そうしなければならないのは、特にヨーロッパは第二次世界大戦で経験したはずだ。
そうした非常事態にも関わらず、
イスラム国に対処するにあたって、ムスリム=イスラム教信者を味方にするのは絶対に必要なことだろう。
少なくとも、イスラム国の問題で、イスラム教徒を敵に回すのは最悪の愚かな行為だろう。
我々がイスラム国を悪と見なすのは、彼らが住民を虐殺し、近隣地域を襲って、子ども、少女を誘拐するという、残虐で極悪な行為によってだ。
そんな行為をどんな神であろうと信者に許すわけはない、と、普通の感覚なら思うだろう。多くの、ほとんどの、イスラム教徒もそうであるはずだ、と信じたい。
しかしその一方で、イスラム教の過激なテロリストを支持する、テロリストではない、イスラム教徒がいるのもまた事実だろう。
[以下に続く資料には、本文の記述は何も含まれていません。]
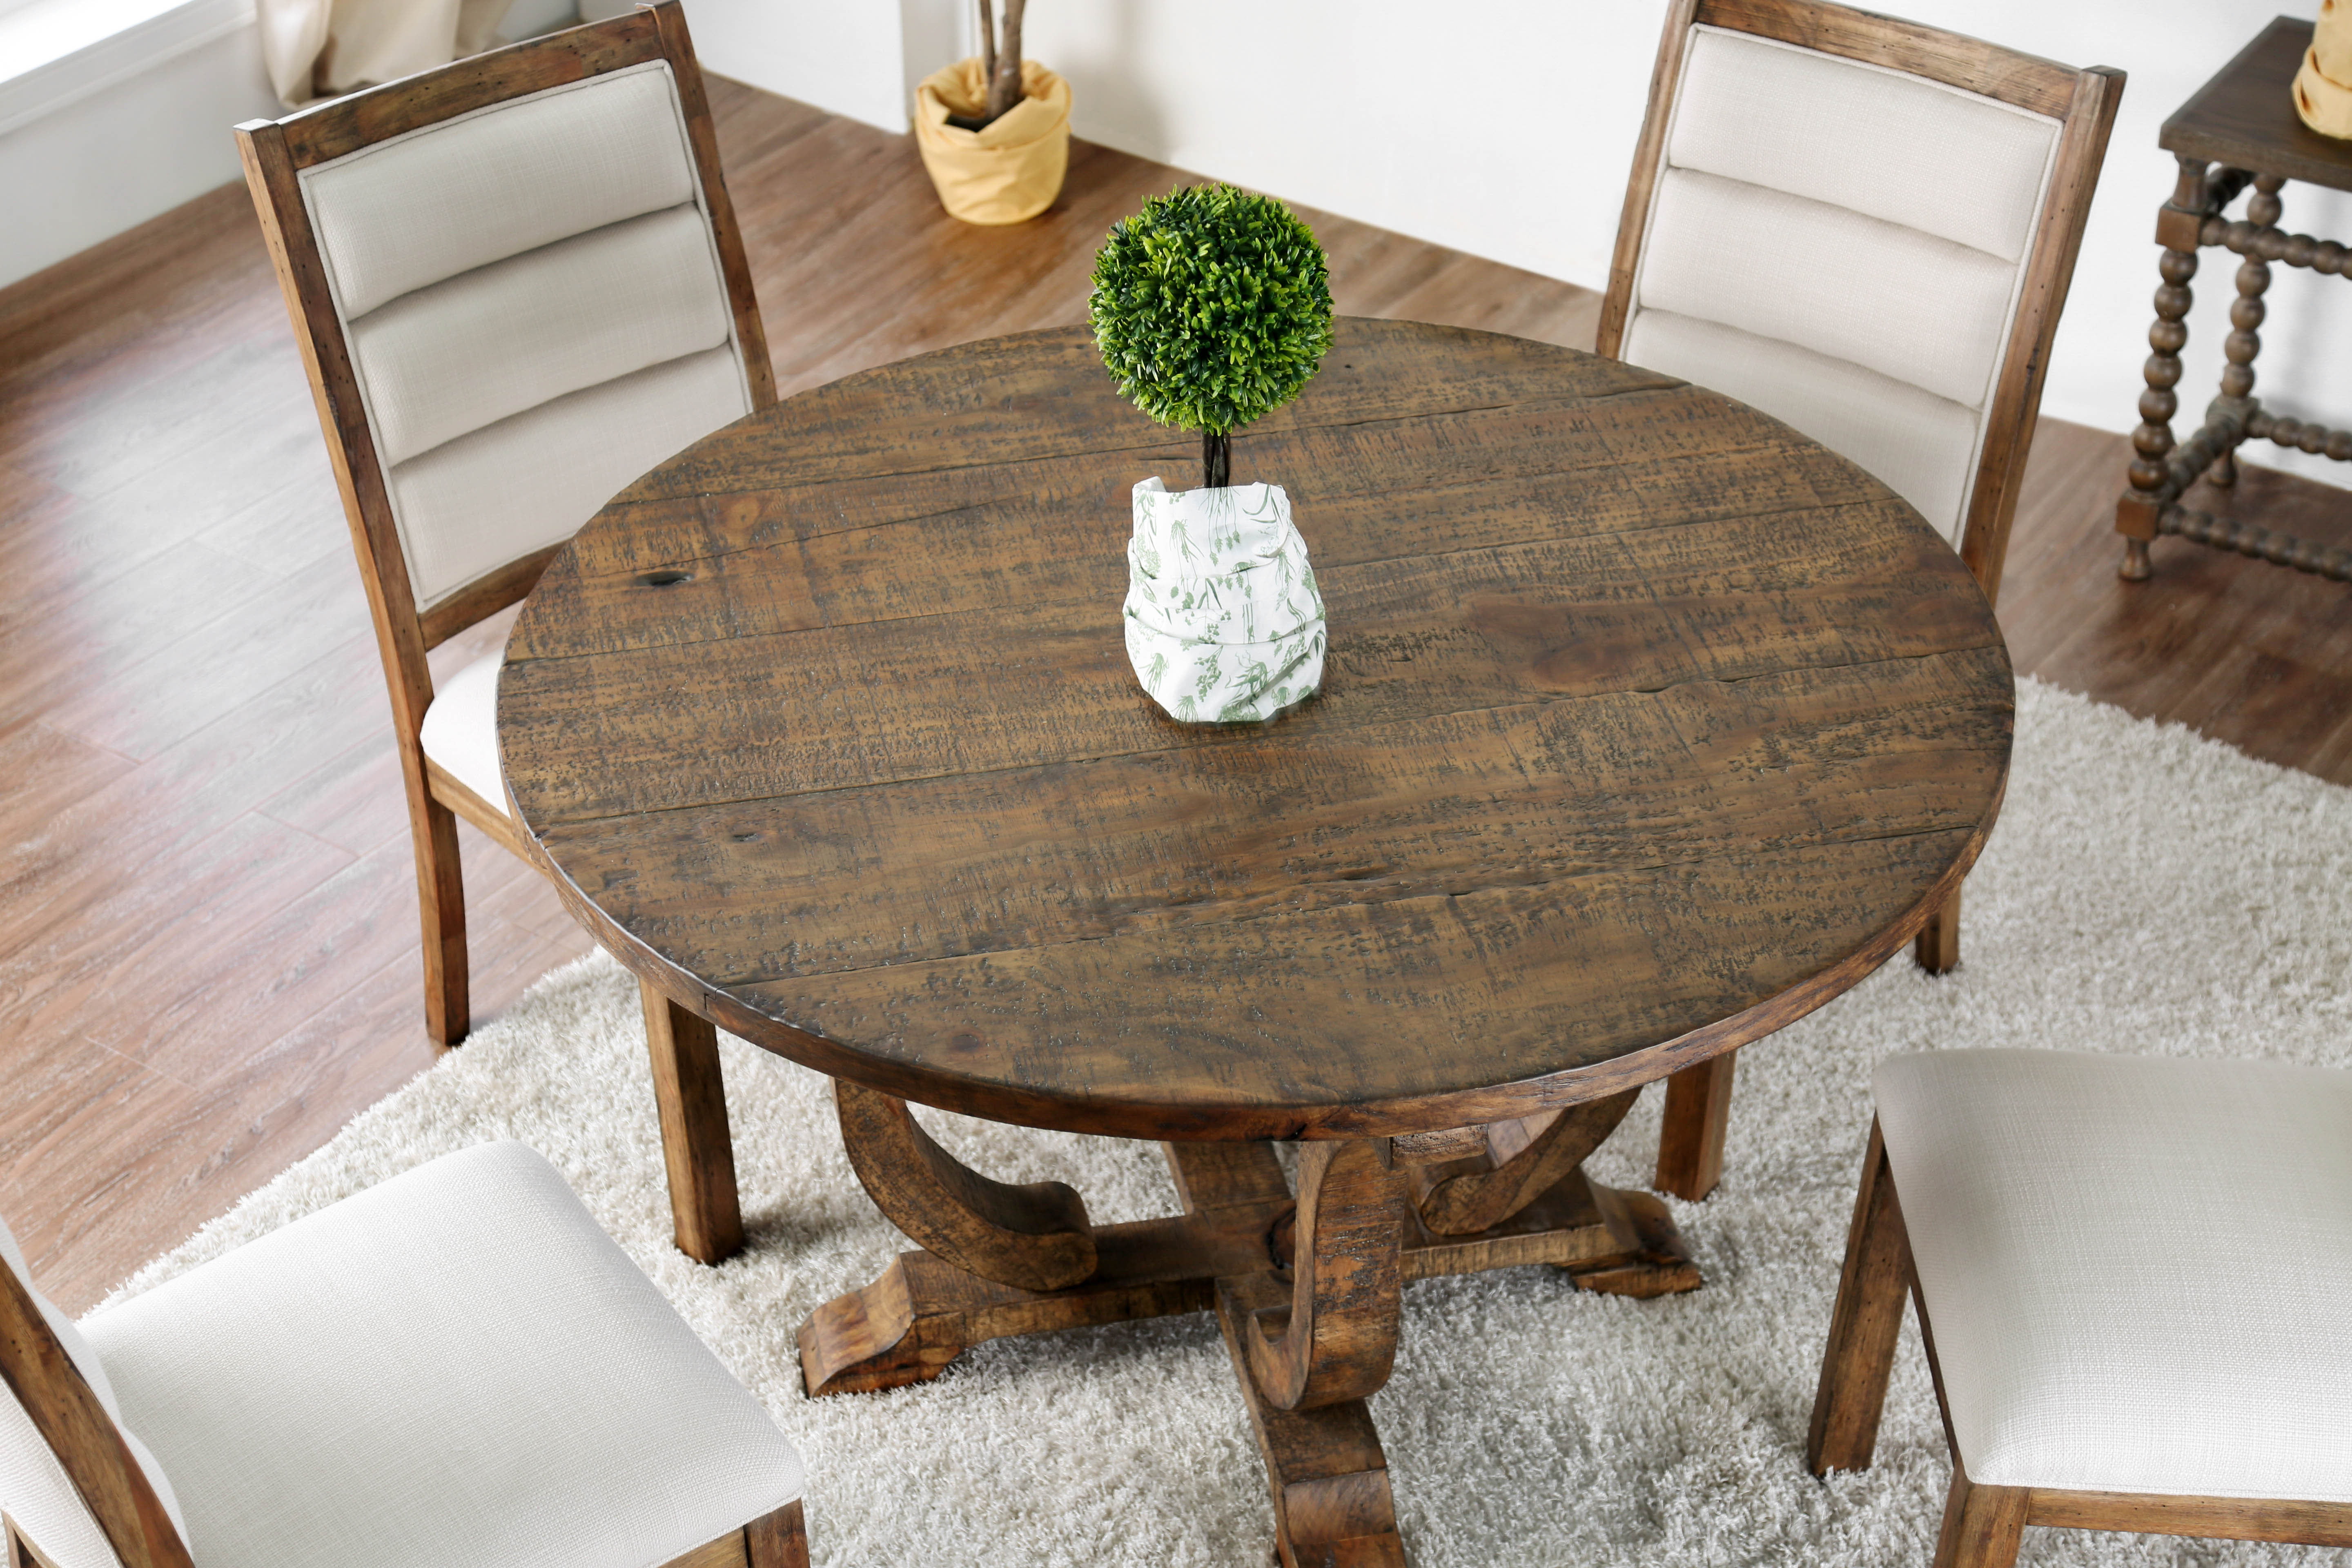  old round wooden kitchen table

非常に残念なことだ。
イスラム国との戦いを、イスラム教徒との戦いにしてはならない。
イスラム教徒全体を戦いに引き込むことを、彼らは望んでいることだろう。
イスラム国における一番いい結末は、内部で自分たちのやっている行いに疑問を持ち、自らイスラム国を解散し、テロを行った「犯罪者」を法の下で裁くことだろう。
そうする為には是非とも同じ神、予言者を信奉するイスラム教徒全体の強力な協力が必要なのだ。他宗教の者にはそれは出来ないから。やれば、イスラムを敵にしてしまう。
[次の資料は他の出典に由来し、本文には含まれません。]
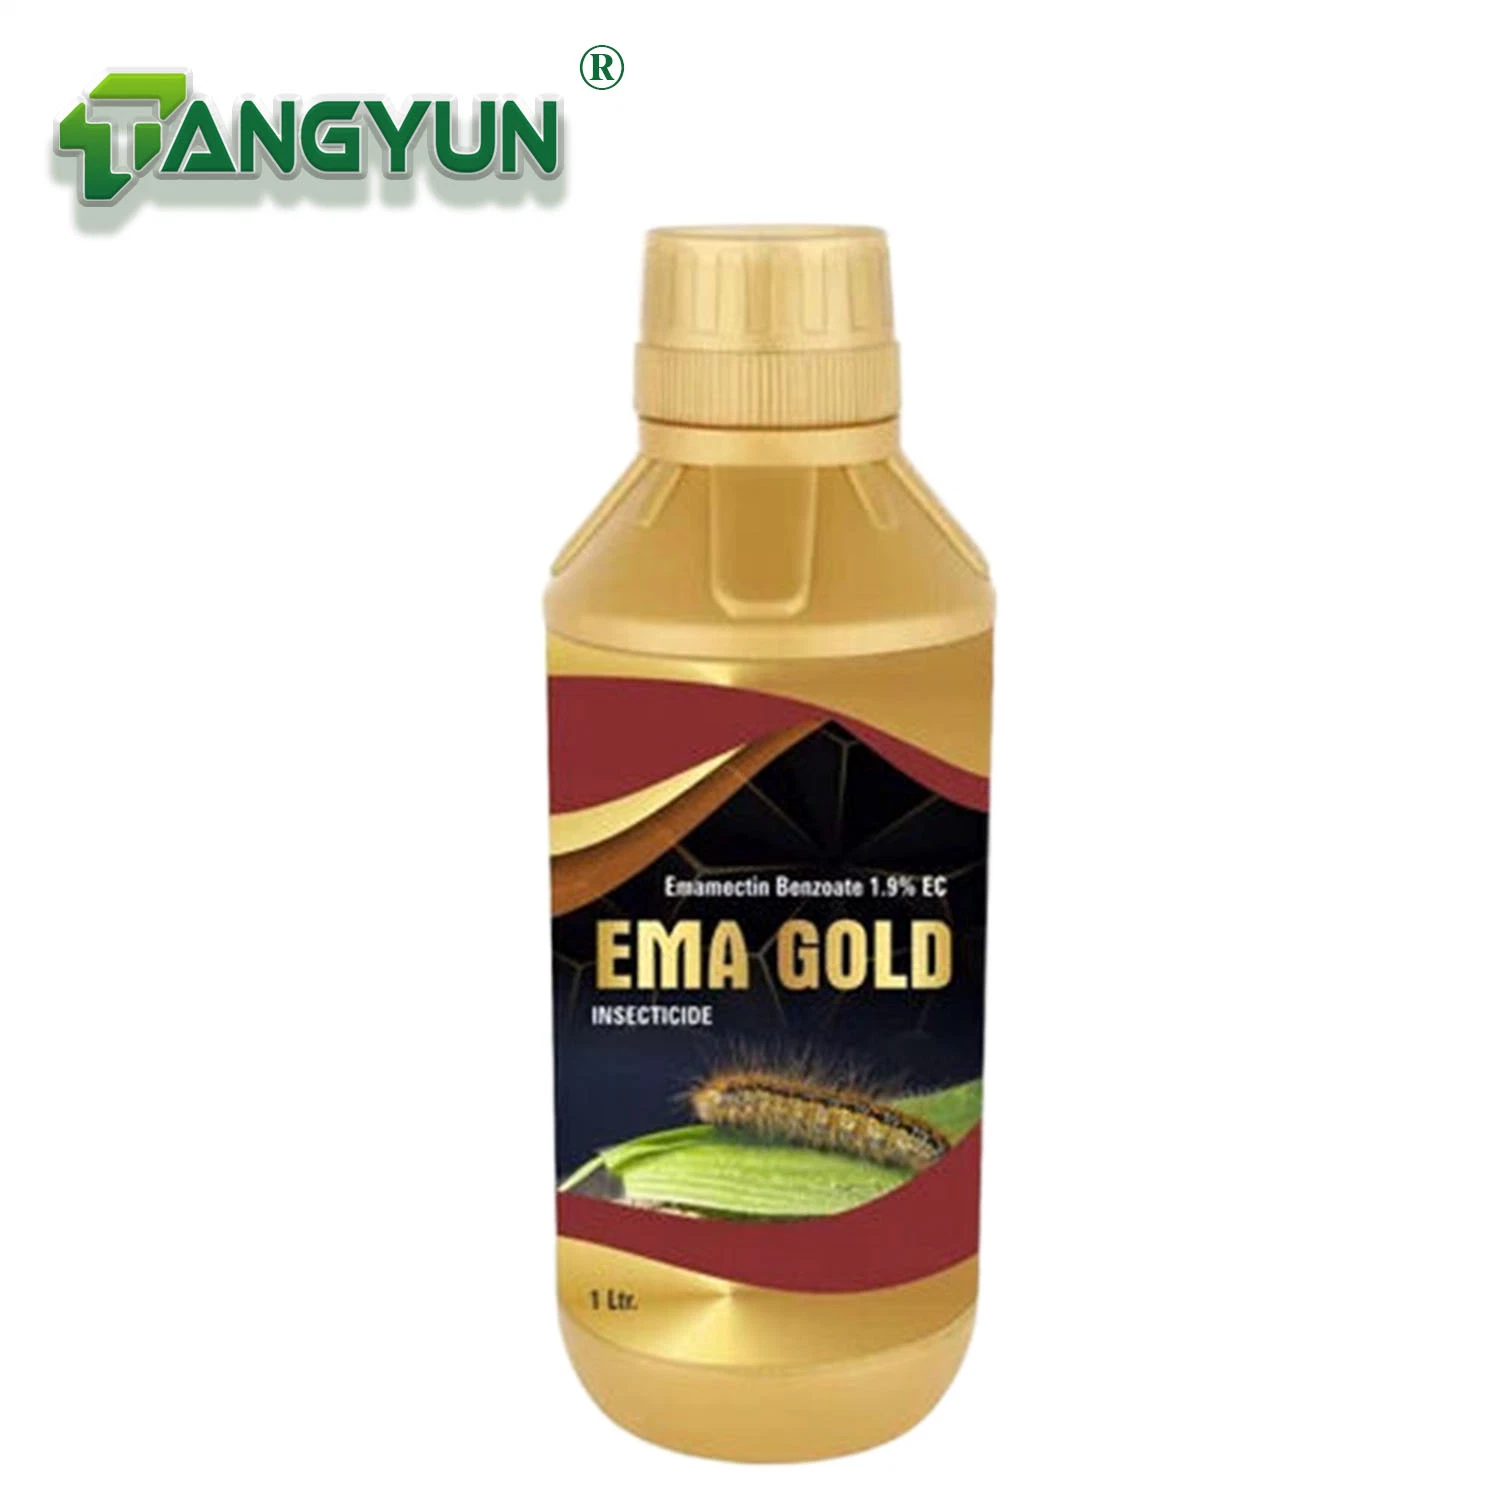 Benzoato Emamectin 1,9%Ec excelente Emulsifiable líquido con gran eficacia

イスラム教徒全体には、是非とも積極的に犯罪者であるイスラム国を、イスラムの教えに則って批判してほしい。彼らを正しいムスリムのあり方に回帰させてほしい。
西側陣営は、テロリストではないイスラム教徒が何故テロを支持するのか、その理由を問い、問題解決に真摯に取り組むべきだ。
それなのに、
相手の人権を顧みないでたらめな「自由」でイスラム教徒の怒りに油を注ぎ、自分たちの自由を標榜しながらモスクを襲撃する蛮行を行い、
今回一連のフランス人の行いは非常に愚かだ。
翻って日本の現状を考えると、
日本では逆に表現の自由が著しく減退しているようだ。
特に政治面で、マスコミは明らかに現行政府に遠慮して報道が萎縮し、
一般市民レベルでも政府批判、国家批判といった意見にはどこの誰とも知れない多数からよってたかって高圧的な態度で批判返しされ、自由な意見表明もままならない状態になっていないか?
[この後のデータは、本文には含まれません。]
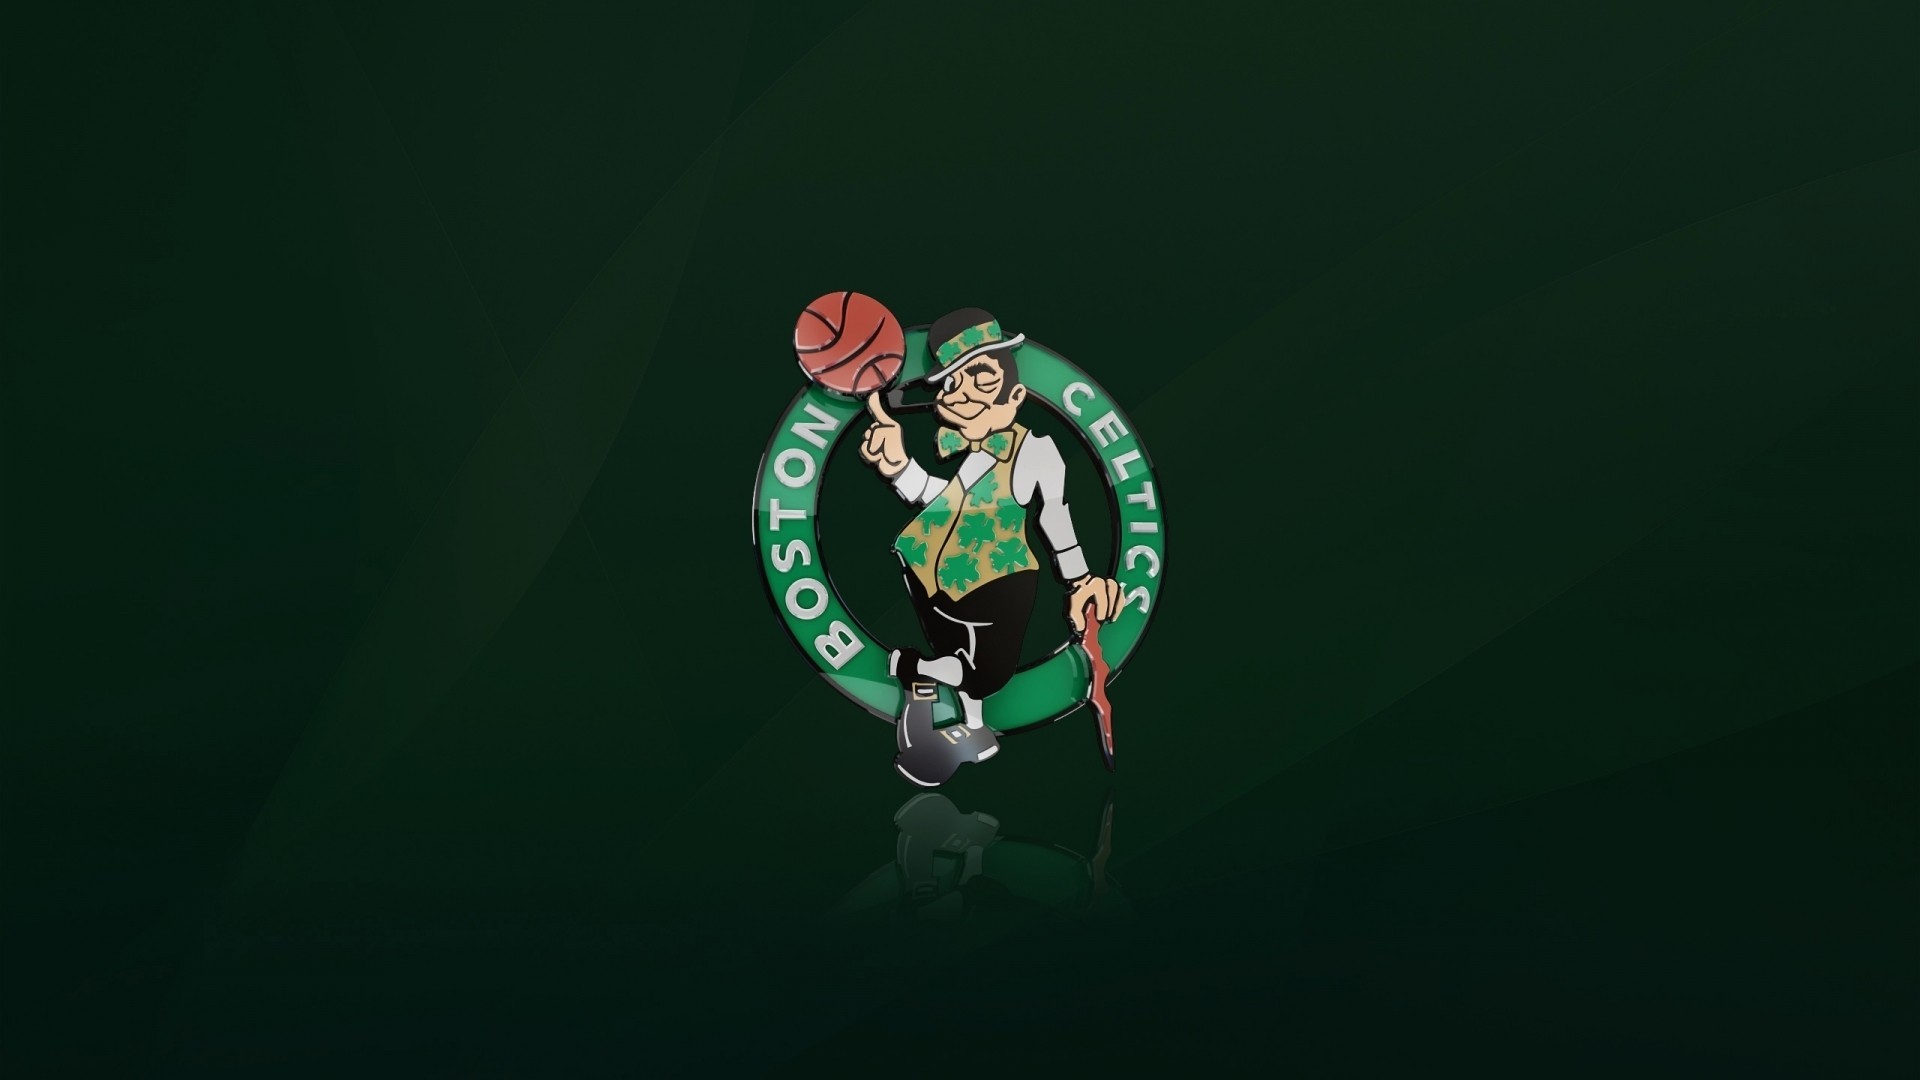 General 1920x1080 basketball Boston Celtics NBA sport green background simple background

あっちこっちにころころ態度を変えて、おまえはいったいなんなんだ?と批判されるだろうけれど、
本当に守らなければならない、本当に大切なものは何か?、ということで、
わたしは以前、東京都の青少年健全育成条例についても、表現者が自ら自分を律することが出来ないのなら表現の自由が制限されるのもやむを得ないだろうというように書いた。
上のフランス批判と併せて、そういう譲歩が表現の自由を減退させていくのだ、と批判されるかもしれない。確かにその恐れはある。だからこそ、自由、権利、を当然のように主張するばかりでなく、「本当に大切な自由と権利を守る為に果たさなければならない責任」も併せて考えていく必要があるのだ、と考えています。
テロリストや為政者に付け入る隙を与えないこと。
自分たちは正義だと胸を張って主張できる中立さ、清廉さを保っていること。
それが今の時代、本当に必要なんだと感じる。
「自由」「権利」というものの本当の意味を、
それが剥奪され、許されなかった時代がどうであったのか?
自分たち自身の問題として本気で考え、そして、
それに対抗する為に自分たちは、今、どうあらねばならないのか?
賢く、厳しく、考える必要があると思うのです。